- Nationality: British
- Born: 29 December 1937 London, England
- Died: 6 October 2004 (aged 66) Addenbrookes Hospital, Cambridge
- Current team: Retired

= Don Smith (motorcyclist) =

British motorcycle racer

Don Smith (29 December 1937 – 6 October 2004), was a British International motorcycle trials rider. He was born in East London. Smith was the first FIM Trials World Champion in 1964 when the championship was known by its original title of Challenge Henry Groutars. Smith again won the title in 1967, before winning a final time in 1969. He died in Addenbrookes Hospital, Cambridge on 6 October 2004 at the age of 66.

==Biography==
Don Smith was the winner of what is regarded as the Inaugural FIM Trial World Championship in 1964, at the time known as the Challenge Henry Groutars Championship. He won ahead of German rider Gustav Franke, taking wins at the French and German rounds. The following year he finished in 8th place in the championship. 1966 saw Smith back on form with a 2nd place finish behind rival Franke.
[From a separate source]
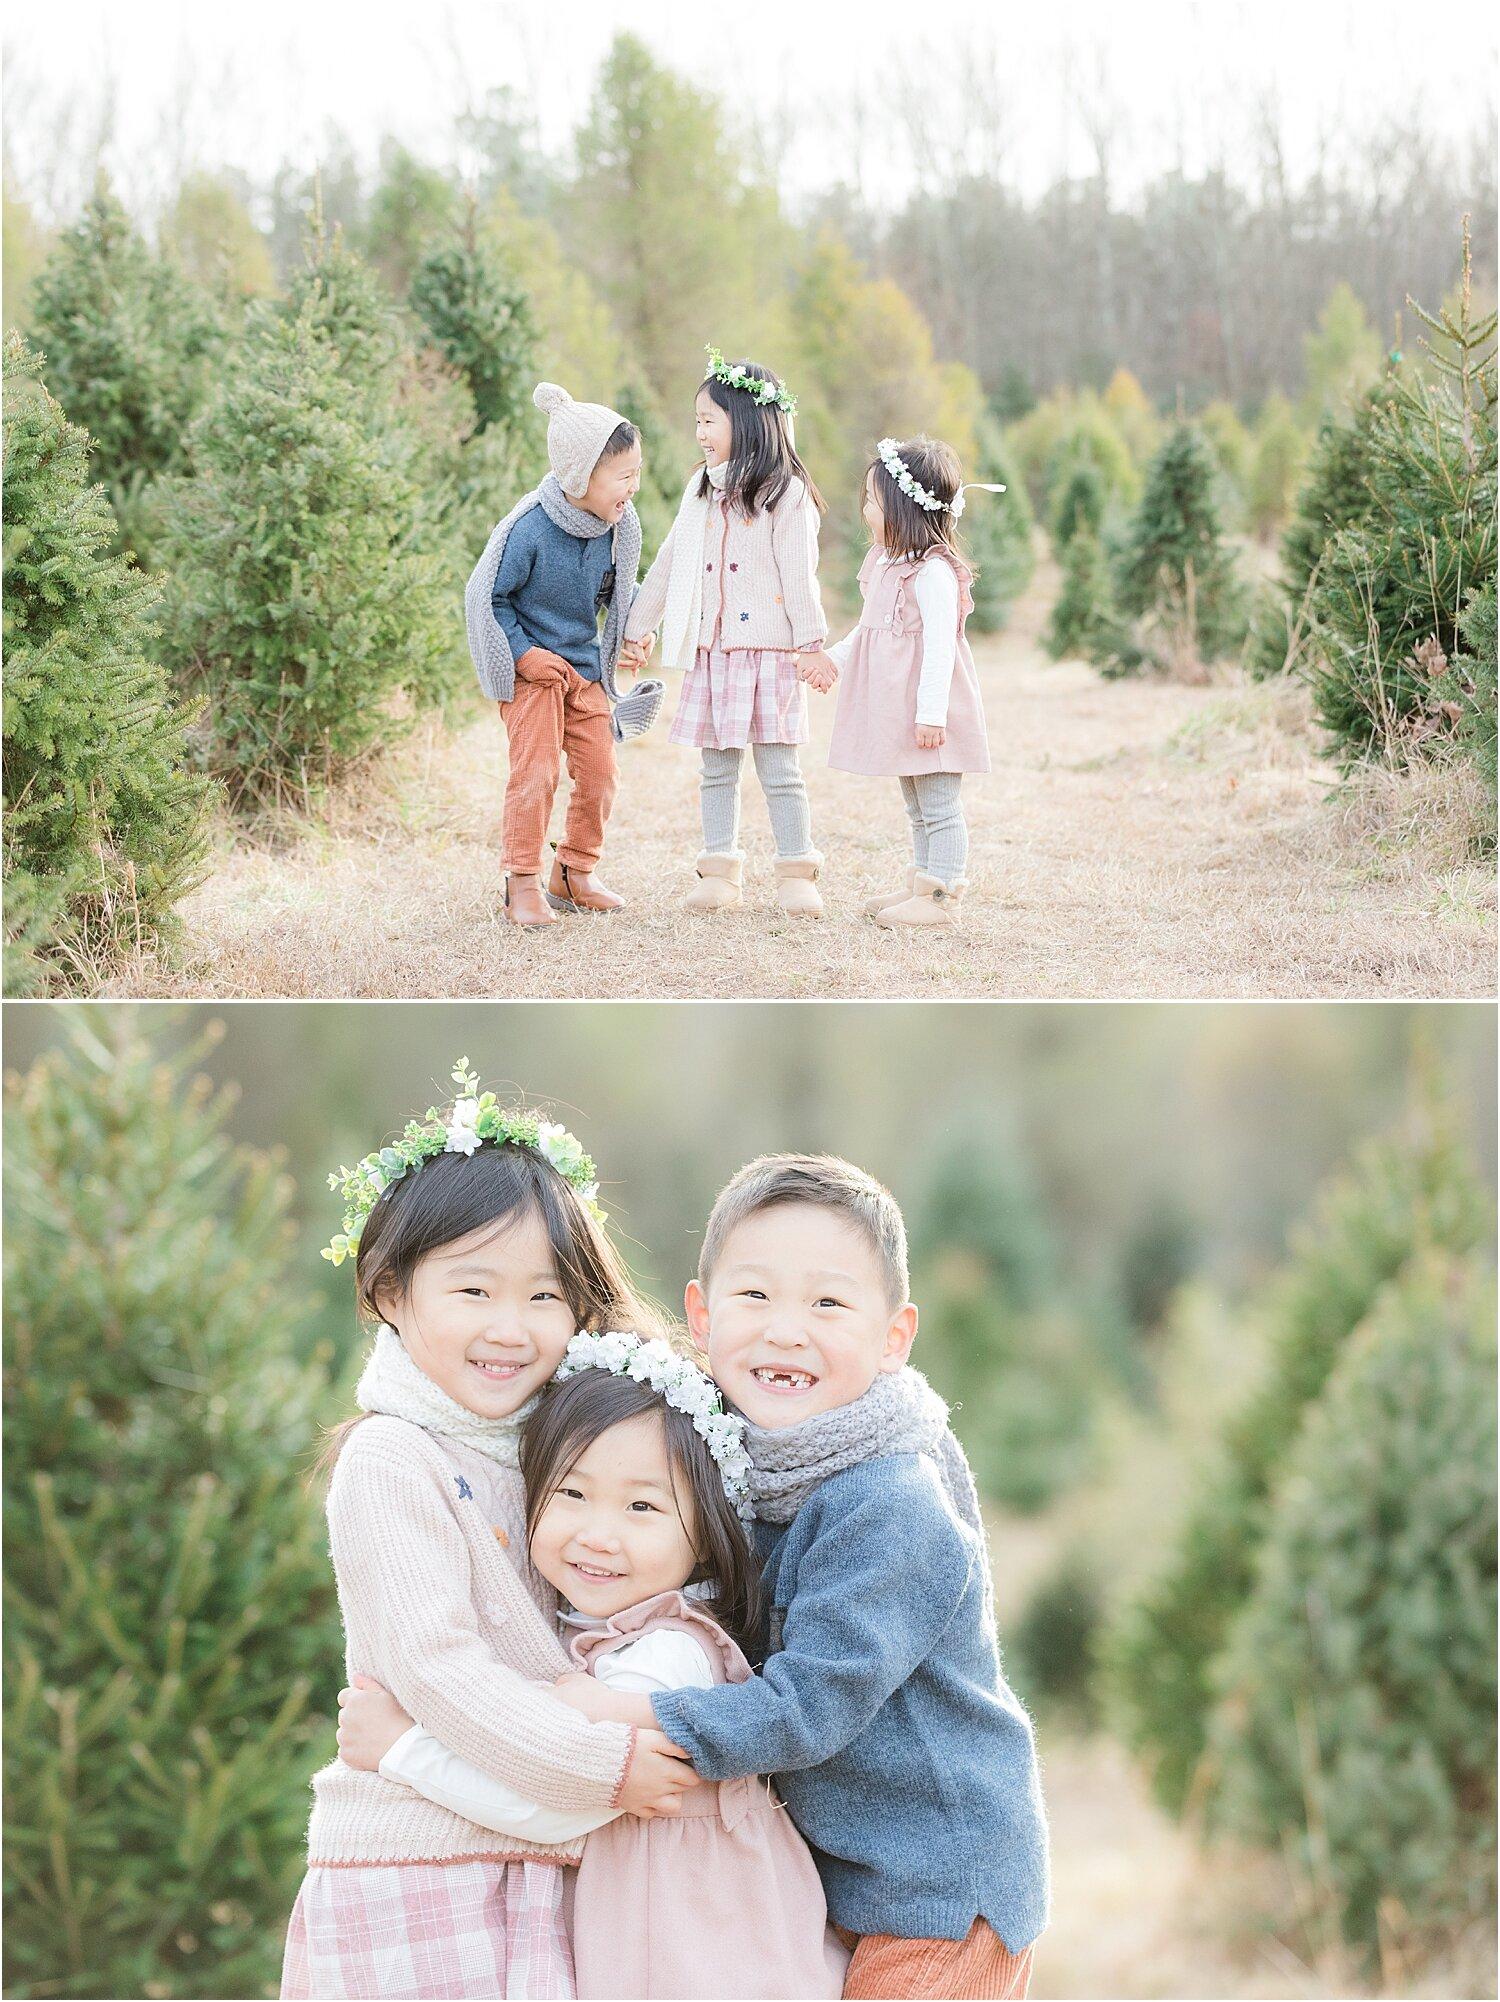 Family Holiday Photos At A Tree Farm In Nj Nj Natural Light Photographers Jac Jules

For the 1967 season Smith turned the tables on Franke, taking his factory Greeves to wins in Switzerland and Belgium and taking back the title. Smith left the Greeves camp at the end of 1967 and switched to the Montesa for the 1968 season, finishing 6th.

The Challenge Henry Groutars was renamed the European Trials Championship for 1969, and this year saw Smith take his final championship title win, this time ahead of countryman Denis Jones and Sammy Miller. 1970 was to be Smith's final year of competing in the European Championships and he ended the season in 8th place, with a season best of 3rd in Belgium behind Miller and Laurence Telling.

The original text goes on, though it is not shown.